Im slowakischen Kosice stemmt sich die junge Generation gegen den Niedergang der wirtschaftlichen Strukturen. Hochschulabsolventen wollen die zweitgrößte Stadt des Landes in eine Kreativmetropole verwandeln. Helfen könnte dabei, dass Kosice 2013 europäische Kulturhauptstadt wird.

Von Kilian Kirchgessner | 29.05.2012
    Die Musik ist laut aufgedreht, das gehört hier zum Konzept. Eine Seitenstraße im Zentrum von Kosice, der Hauptstadt des slowakischen Ostens. "Smelly Cat" heißt das Café, zu deutsch stinkende Katze; hier in einer früheren Wagen-Remise ist der Treffpunkt der jungen Kreativen. Sie sitzen auf Ohrensesseln und schlürfen Milchkaffee. Einer von ihnen ist Michal Hladky, ein Architekt und Designer mit moderner Hornbrille.
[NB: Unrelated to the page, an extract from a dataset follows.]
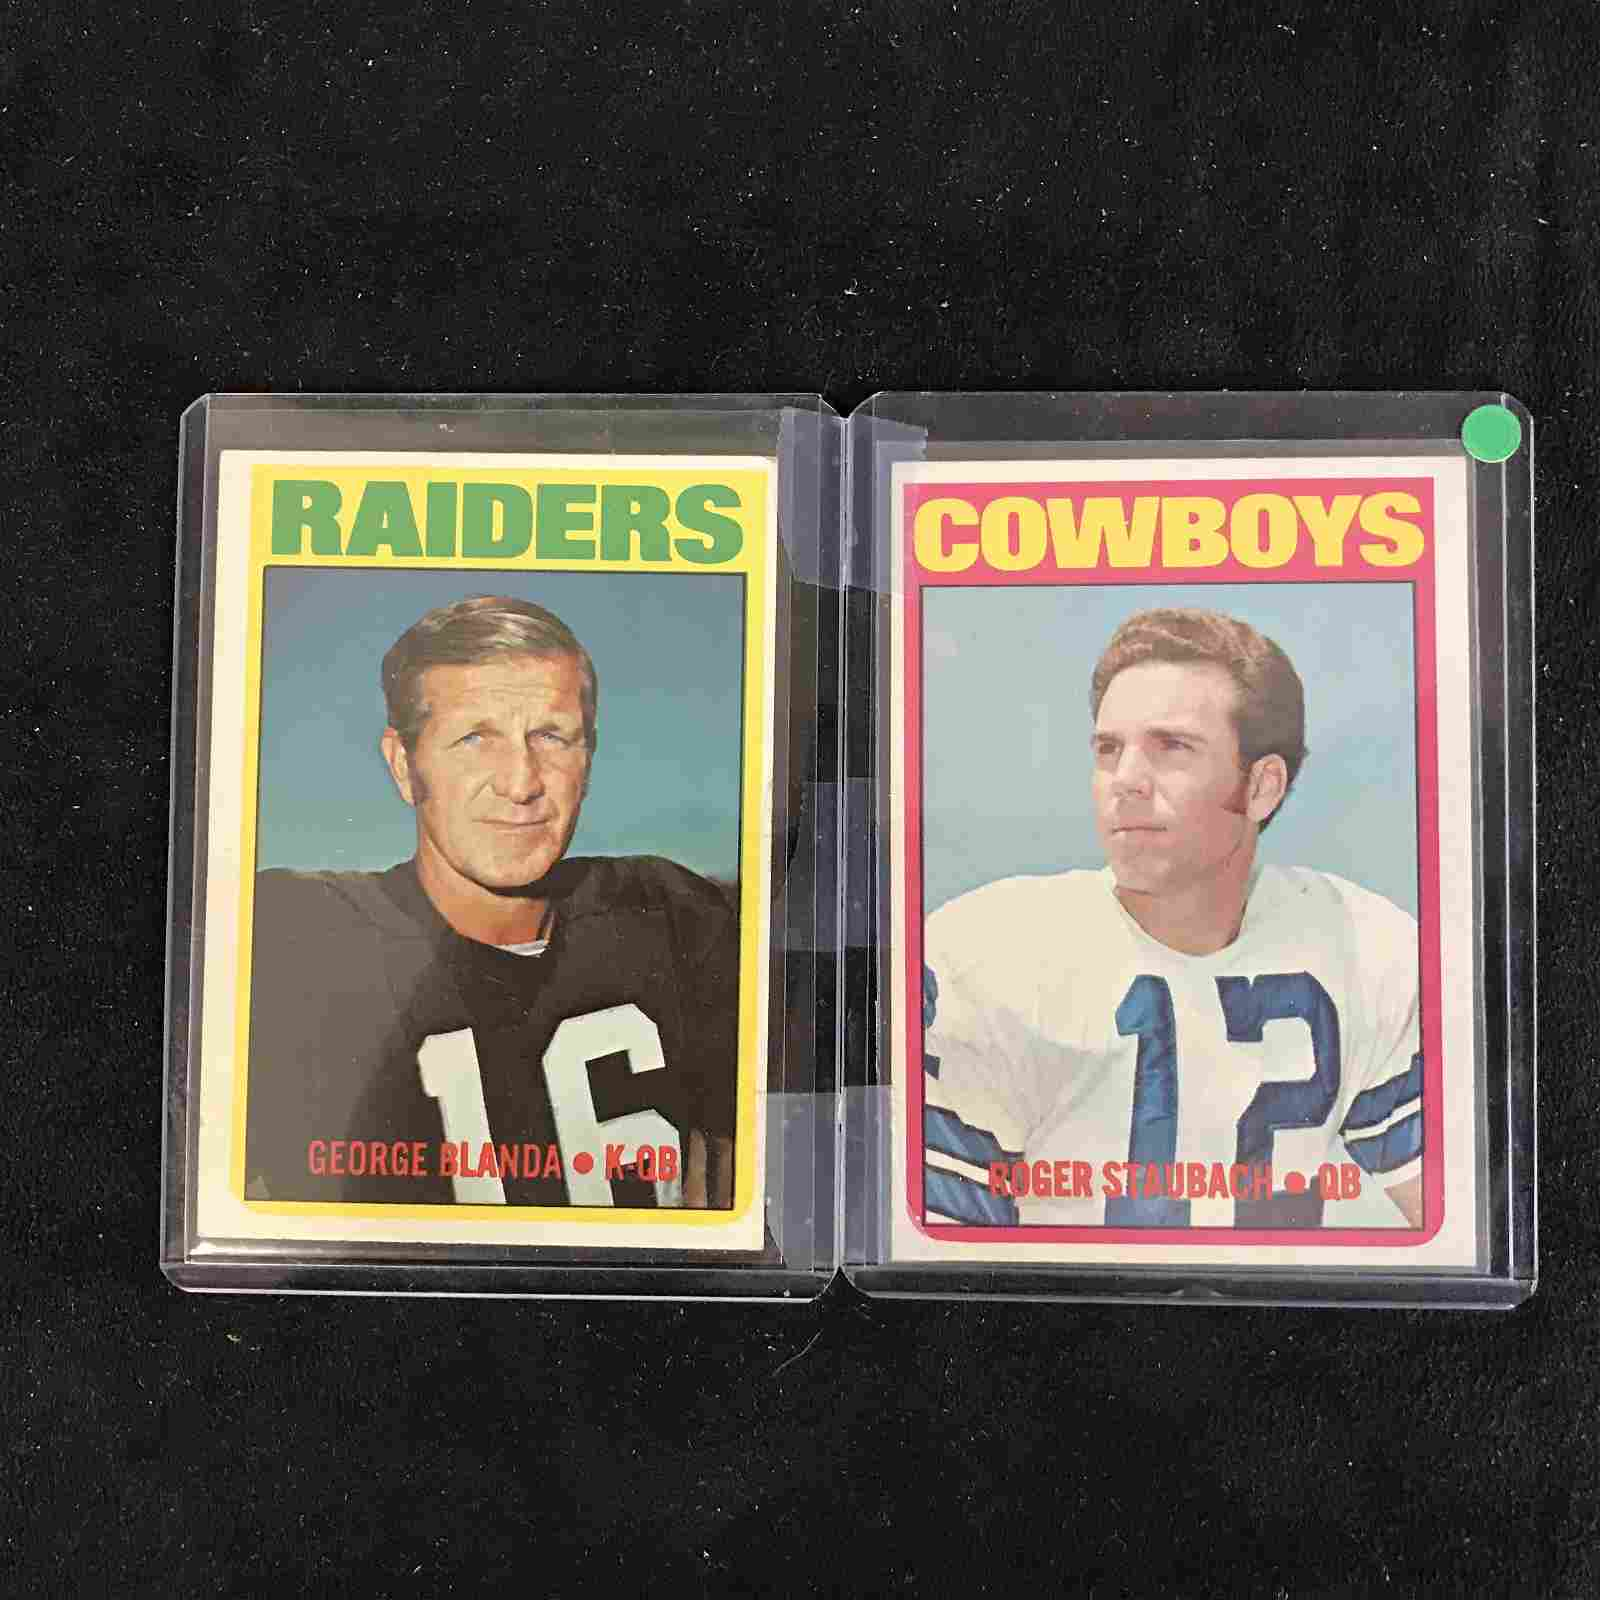 1972 TOPPS FOOTBALL CARD LOT (G. BLANDA/ R. STAUBACH)

    "Ich hatte nach meinem Studium auch Angebote aus dem Ausland, nach Deutschland oder England hätte ich gehen können. Aber es hat sich so entwickelt, dass ich hier angefangen habe. Wie es momentan aussieht, will ich hier auch dauerhaft bleiben."

    Ein Weg, der noch vor kurzem undenkbar war: Die Region um Kosice – das war das Armenhaus der Slowakei, gelegen an der ukrainischen Grenze, schlecht angebunden, geprägt von der Schwerindustrie und mit einer Arbeitslosenrate von fast 25 Prozent. Leute wie Michal Hladky, die gut ausgebildet sind und mehrere Sprachen sprechen, sind in der Vergangenheit aus dem Osten geflüchtet – in den Speckgürtel rund um die wohlhabende Hauptstadt Bratislava oder gleich ins Ausland.

    "Am Anfang haben meine Freunde gelacht, als ich gesagt habe, dass ich bleiben will: Was willst du hier bloß machen, haben sie gefragt. Es braucht viel Enthusiasmus, viel Engagement, das stimmt. Ich bin auf Hindernisse gestoßen, immer wieder. Da muss man erst einmal durch – anders geht es nicht."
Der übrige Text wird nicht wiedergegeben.